According to Equation 40, a high \(Q\) can be achieved by using a resonator with high energy storage capability and low energy loss per cycle. We then add an amplifier in a feedback loop to compensate for the losses of the resonator. This principle is shown in Figure 56 for a parallel LC tank circuit as the resonator. Sometimes the action of the feedback loop around the amplifier is modelled as a negative resistance \(-R_\mathrm{amp}\) that compensates for the losses of the tank circuit represented by the resistor \(R_\mathrm{p}\). The single parallel resistor \(R_\mathrm{p}\) models the losses of the inductor \(L\) and the capacitor \(C\).
When \(|-R_\mathrm{amp}| = R_\mathrm{p}\), the losses of the tank circuit are fully compensated, and we have a sustained oscillation at the resonance frequency \(\omega_0 = 1 / \sqrt{L C}\). In practice, the amplifier gain is usually set slightly higher than required for loss compensation to start the oscillation from noise. Then, as the oscillation amplitude increases, some non-linear mechanism in the amplifier reduces the effective gain until a stable oscillation amplitude is reached. Various implementations of such LC oscillators exist, which will be discussed in the following sections.
An alternative implementation of setting the oscillation amplitude is to use an automatic level control (ALC) loop, which measures the oscillation amplitude and adjusts the amplifier gain accordingly to maintain a constant output amplitude. This approach can improve the stability of the oscillation amplitude over process, voltage, and temperature variations.
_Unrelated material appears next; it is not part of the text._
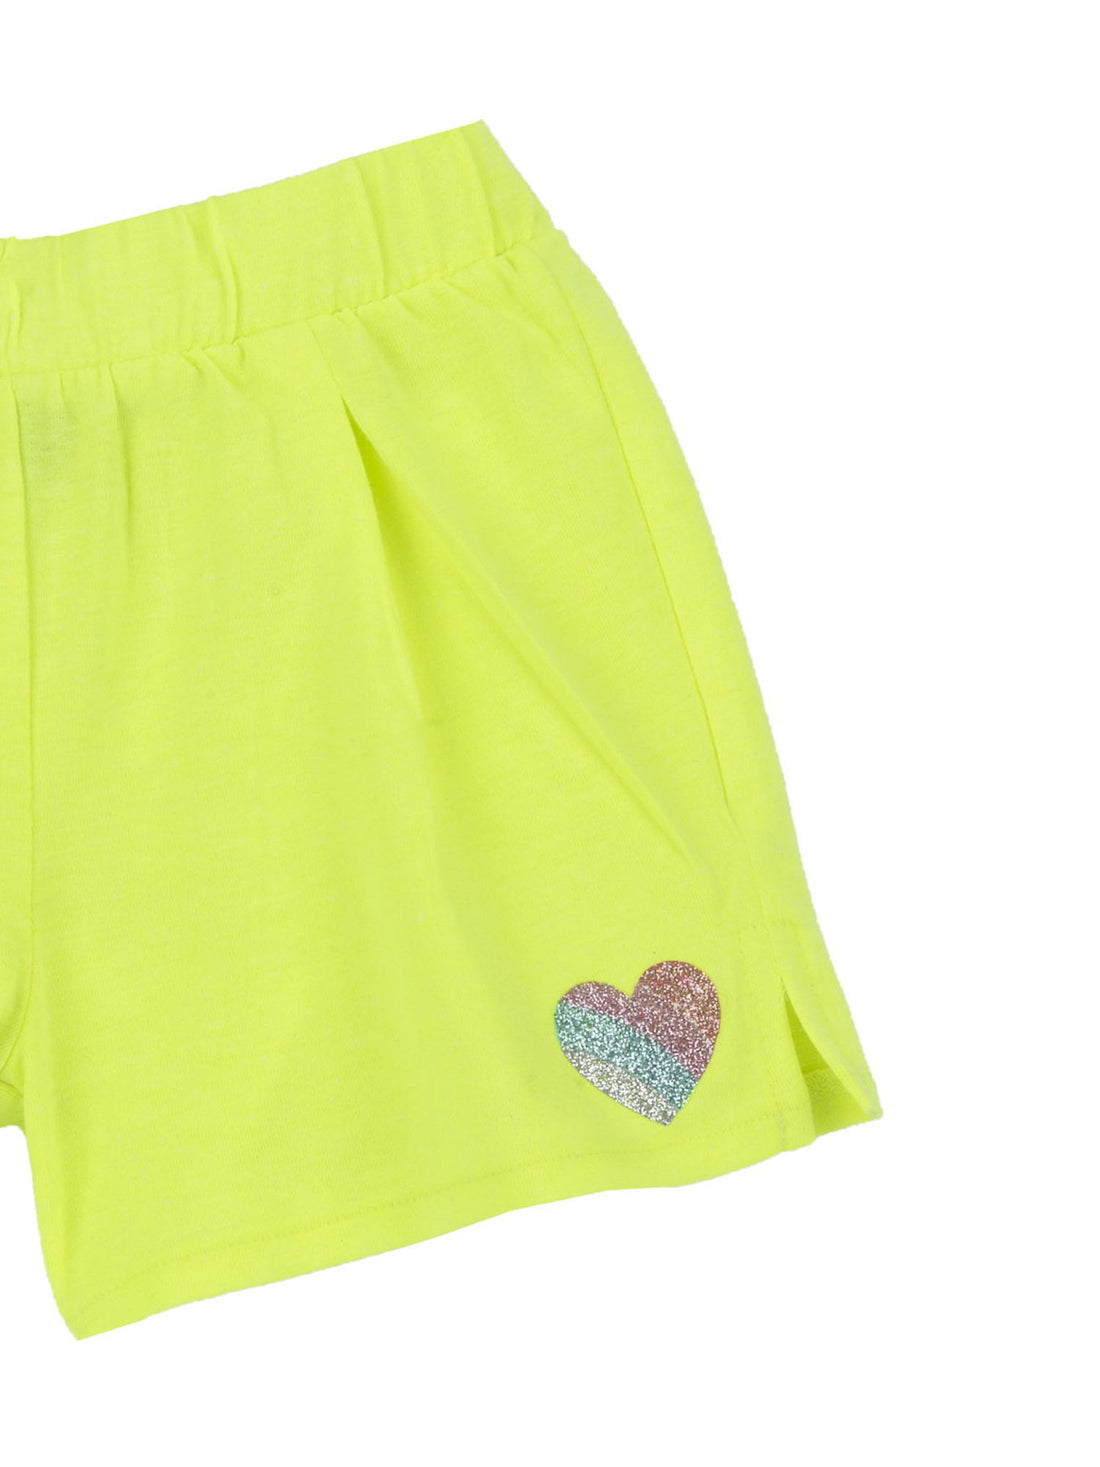 Shorts Verde Chicco

As an alternative to start the oscillation from thermal noise (which can take considerable time depending on the \(Q\) of the resonator) is to provide a known initial condition to the resonator, e.g., by pre-charging the capacitor \(C\) to a certain voltage before enabling the amplifier. This way, the oscillation can start immediately from this initial energy stored in the resonator.
As a first hint on how to optimize an LC oscillator for low phase noise, we can try to maximize \(Q\) according to Equation 40. The energy stored in the capacitor at peak voltage is
\[ E_\mathrm{stored} = \frac{C V_\mathrm{osc,p}^2}{2} \]
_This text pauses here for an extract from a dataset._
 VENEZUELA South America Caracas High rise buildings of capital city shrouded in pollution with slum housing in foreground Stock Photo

so to maximize this we should maximize both \(C\) and the peak oscillation voltage \(V_\mathrm{osc,p}\). On the other hand, the energy loss per cycle is related to the power dissipated in the resistor \(R_\mathrm{p}\) by
\[ E_\mathrm{loss} = \frac{V_\mathrm{osc,p}^2}{2 R_\mathrm{p}} \cdot \frac{1}{f_0} \]
which we can minimize by maximizing \(R_\mathrm{p}\). In summary, to maximize \(Q\) we should use a large capacitance \(C\), a high oscillation amplitude \(V_\mathrm{osc,p}\), and a high tank resistance \(R_\mathrm{p}\). Note that increasing \(C\) will reduce \(L\) for a given \(\omega_0\). Calculating \(Q\) from these expressions yields
\[ Q = 2 \pi \frac{E_\mathrm{stored}}{E_\mathrm{loss}} = \omega_0 C R_\mathrm{p} \]
which confirms the above observations.
Fundamentally, if we describe the output voltage of the oscillator as
\[ v_\mathrm{osc}(t) = V_\mathrm{osc,p}(t) \cdot \cos[ \omega_0(t) t + \varphi(t) ] \]
we want to keep the amplitude variations small, i.e., \(V_\mathrm{osc,p}(t) = V_\mathrm{osc,p}\), and also the frequency variations small, i.e., \(\omega_0(t) = \omega_0\). We further want to minimize any phase fluctuations, i.e., \(\varphi(t) = \varphi_0\).
As a side note, the definition of \(Q\) in Equation 40 can also be understood as describing how many oscillation cycles it takes until the energy stored in the resonator is dissipated. For example, if \(Q = 1000\) at \(f_0 = 1\,\text{GHz}\), the energy stored in the resonator will last for approximately 1000 cycles, which is 1 µs. This time duration is sometimes called the “ring-down time” of the resonator.
6.1 Oscillator Noise
For calculating the noise of an oscillator, we assume that an LC-based oscillator as shown in Figure 56 is used. We assume that the oscillator is in steady-state operation, i.e., \(-R_\mathrm{amp} = R_\mathrm{p}\). We can then simplify the circuit to the one shown in Figure 57.
We can calculate
\[ Z_\mathrm{tank}(s) = \frac{s L \frac{1}{s C}}{s L + \frac{1}{s C}} = \frac{s L}{1 + s^2 L C}. \]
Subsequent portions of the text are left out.